EXERCISE INSTRUCTIONS. The listing below must be repeated word for word, without its pictures.

DATA EXTRACT.
______

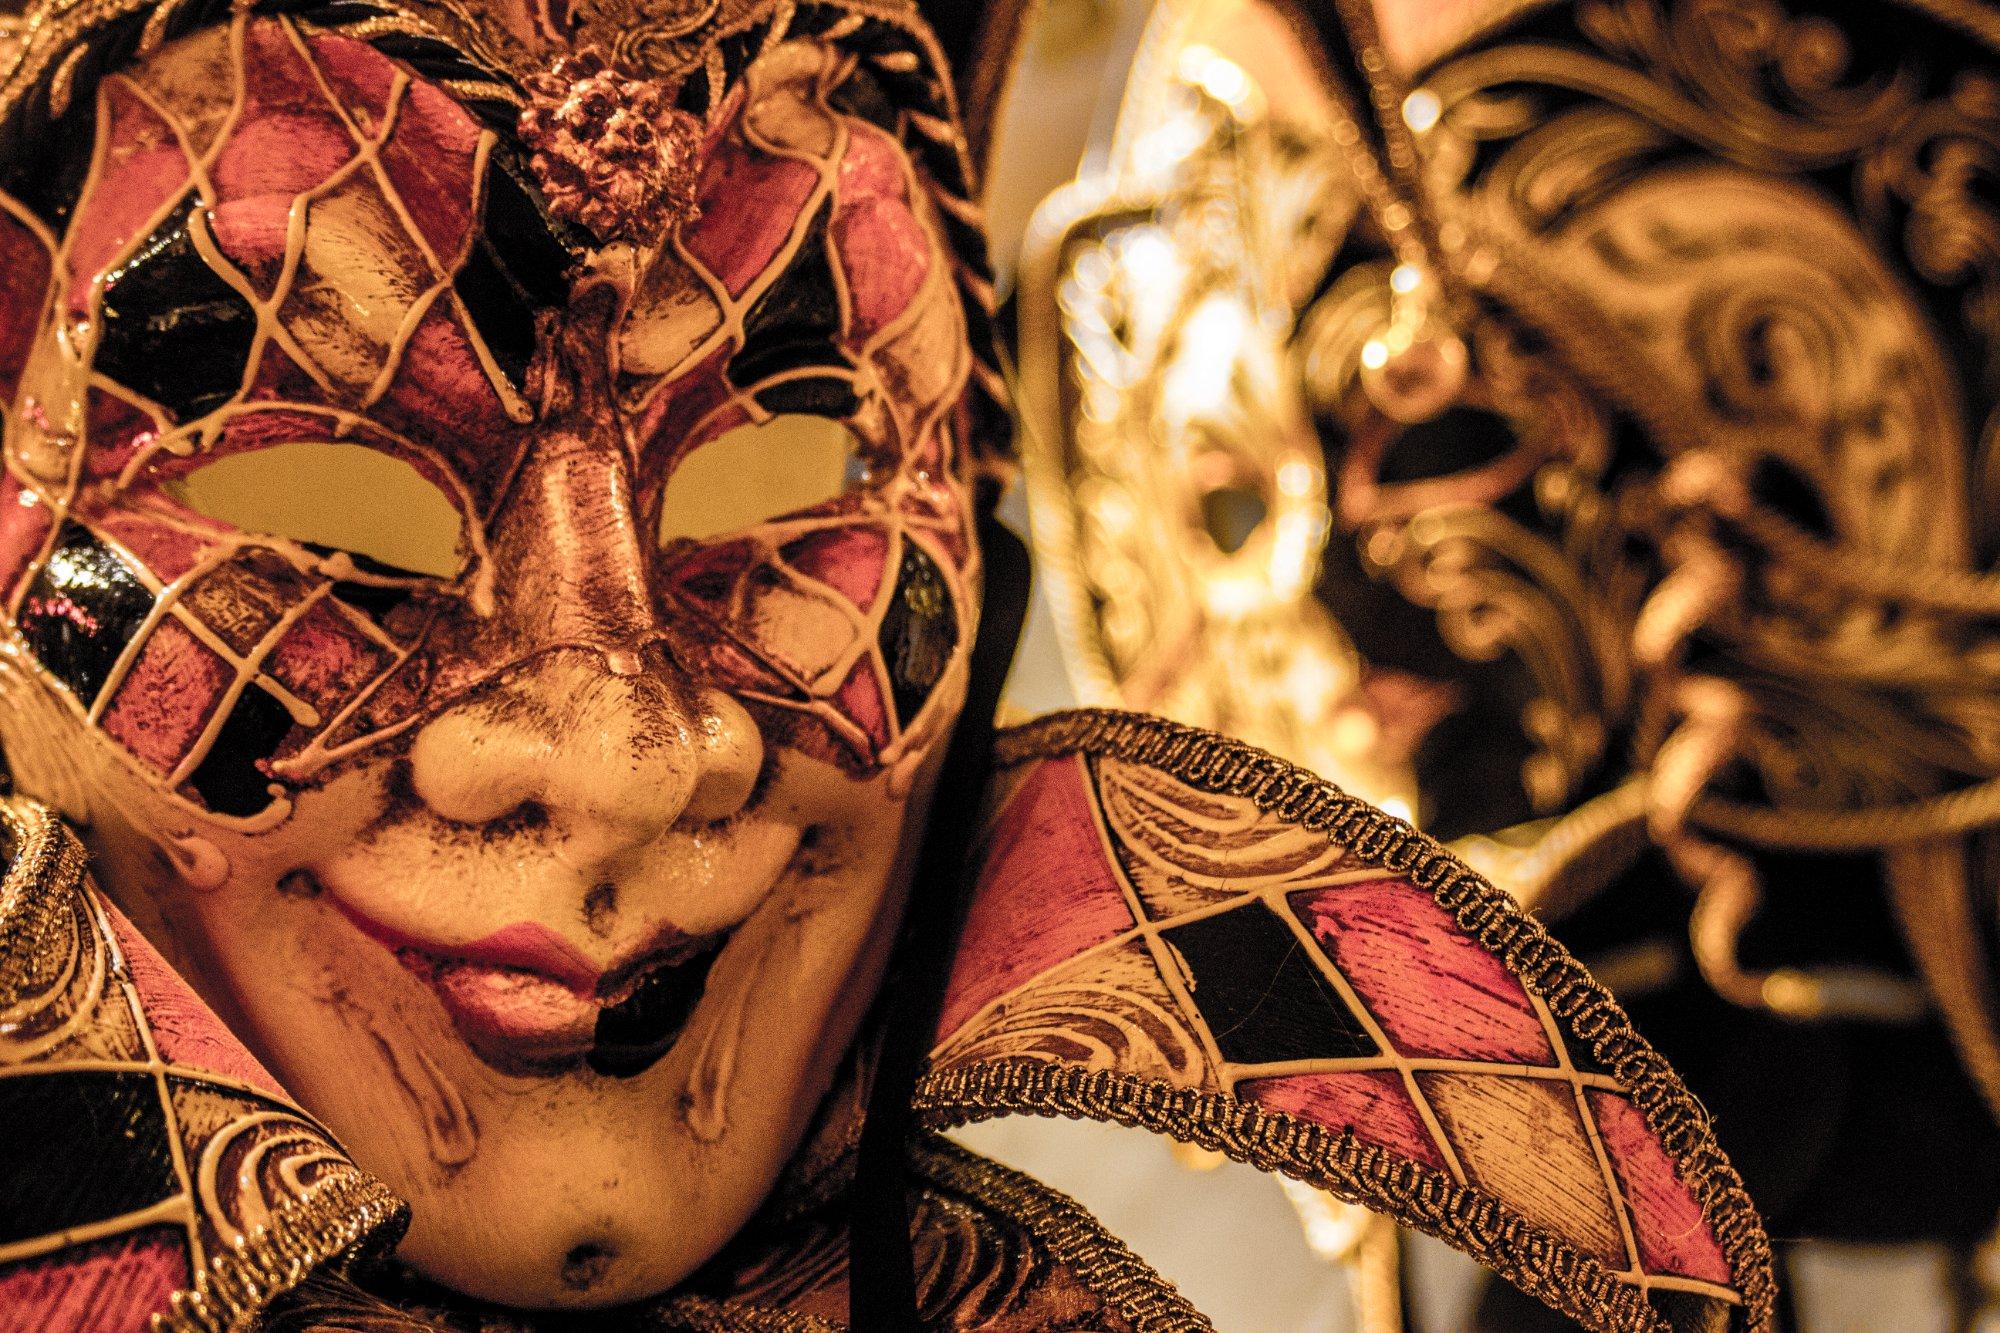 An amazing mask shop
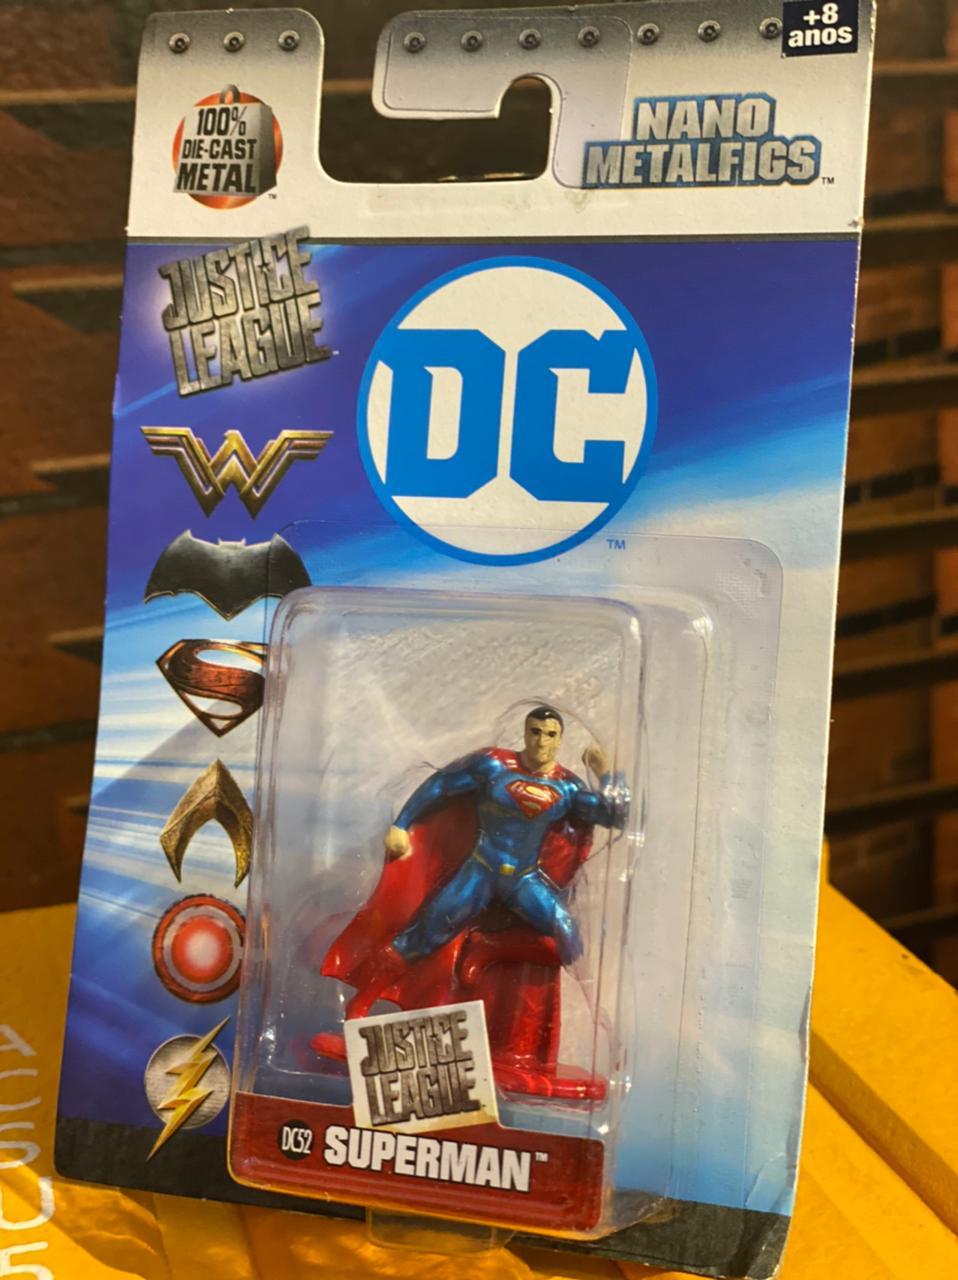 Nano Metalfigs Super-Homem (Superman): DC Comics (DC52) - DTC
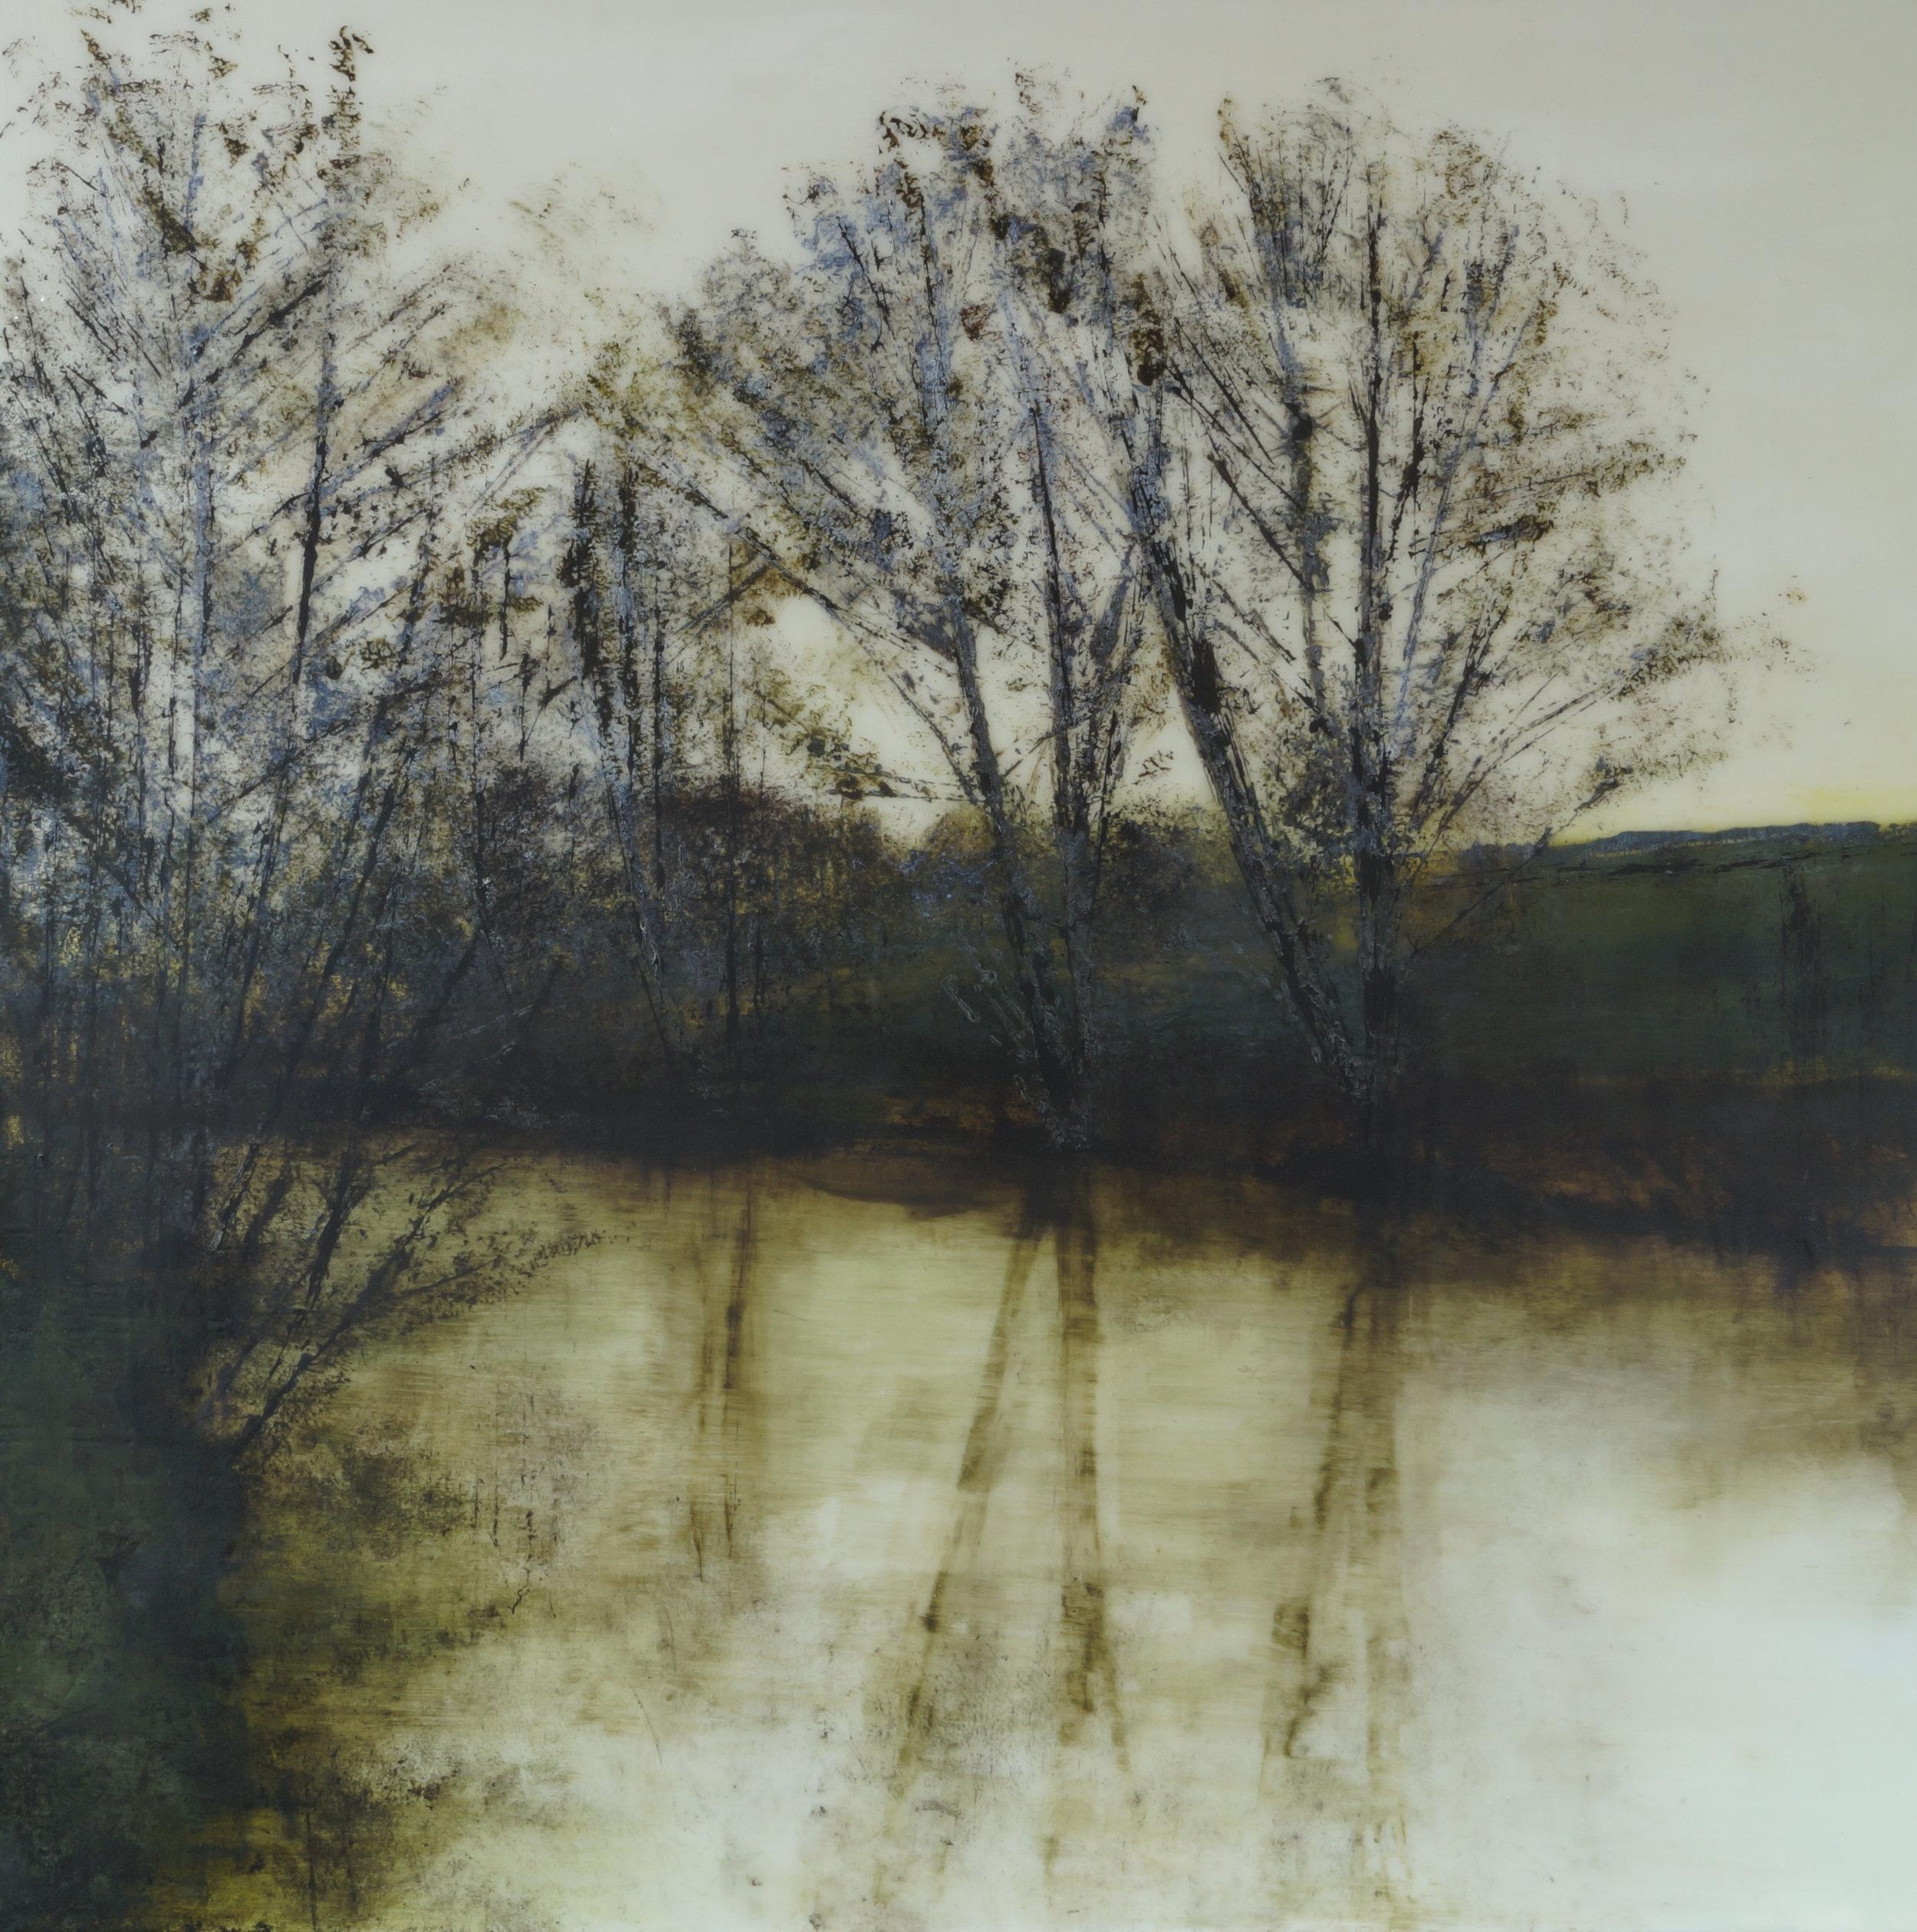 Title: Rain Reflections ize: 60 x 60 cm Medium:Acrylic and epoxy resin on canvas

______

SOLVED EXERCISE.
 An amazing mask shop
 Nano Metalfigs Super-Homem (Superman): DC Comics (DC52) - DTC
 Title: Rain Reflections ize: 60 x 60 cm Medium:Acrylic and epoxy resin on canvas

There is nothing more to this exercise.